Neryn did not reply, not with words, offering only a nod and a slight raising of the shoulders, a gesture Silendiel could not quite determine the nature of. Dismissive? Merely an acknowledging movement? What were kaldorei customs, as far as body language, really? She realized, then, that she had not the faintest clue. Had the Lieutenant been signaling something to her this entire time? Had she been signaling something? She blinked, breathed out audibly, and then looked towards the door.

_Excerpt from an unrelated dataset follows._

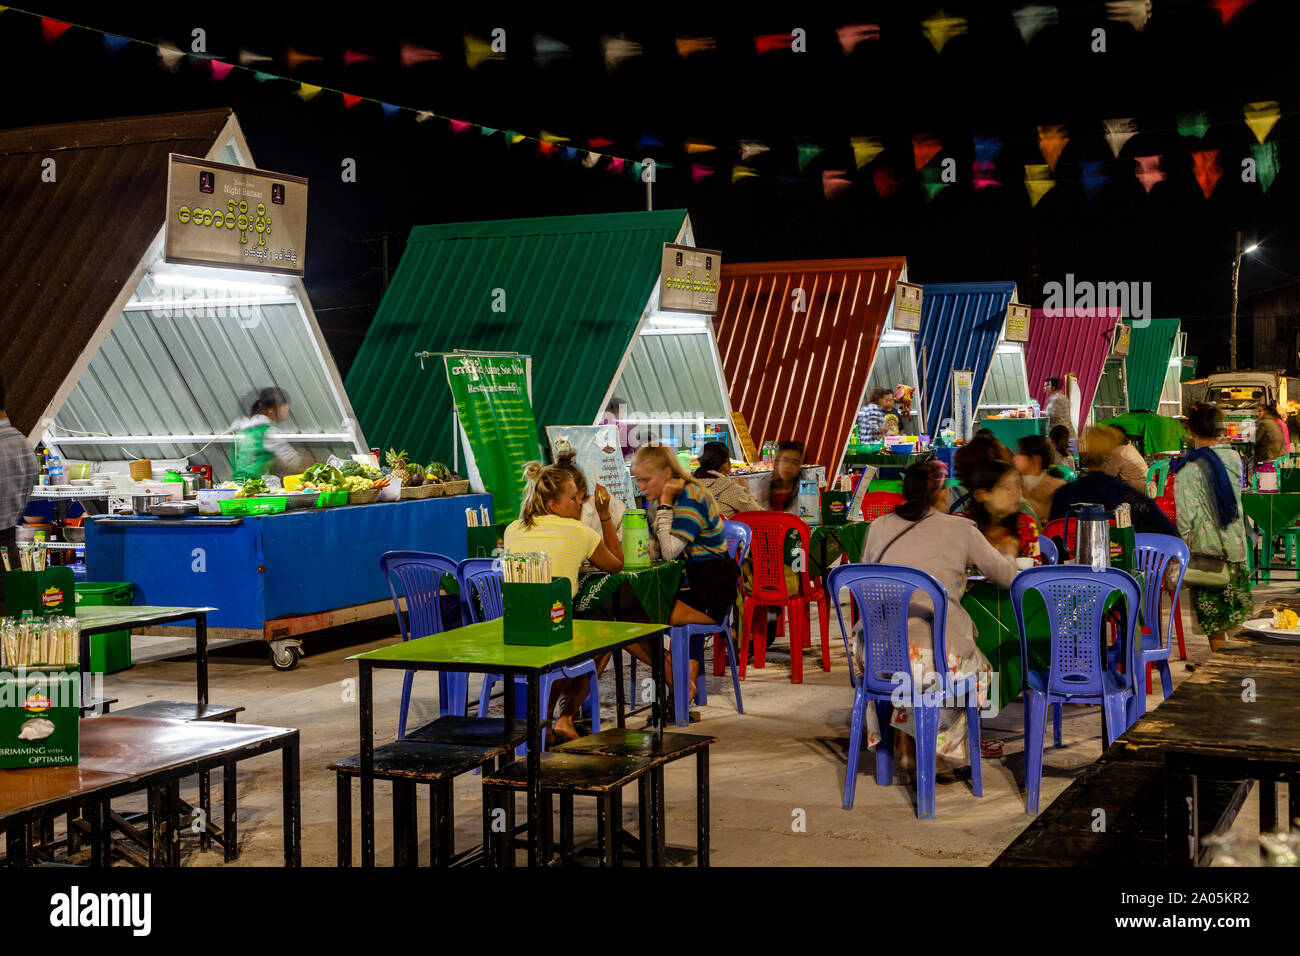 La population locale et les touristes de manger des aliments de rue à des tables dans le marché de nuit, Nyaung Shwe, le lac Inle, l'État de Shan, Myanmar. Banque D'Images

“You may fetch your things and set them in the garden. It may be a few days before I have time for us to speak properly. Clarify what your position here will be.”

“Of course,” Neryn said.

The kaldorei raised her head, removed her attention from Silendiel, and looked out one of the grand windows at the disciplined, straight rows of bushes, the cut grass, the golden sculptures, in the garden. A strange place, no doubt, for someone used to enchanted forests. Nevertheless, she acknowledged Silendiel with a nod, turned, and walked out of the sanctuary with purpose. To the door, to her things, and then to the garden.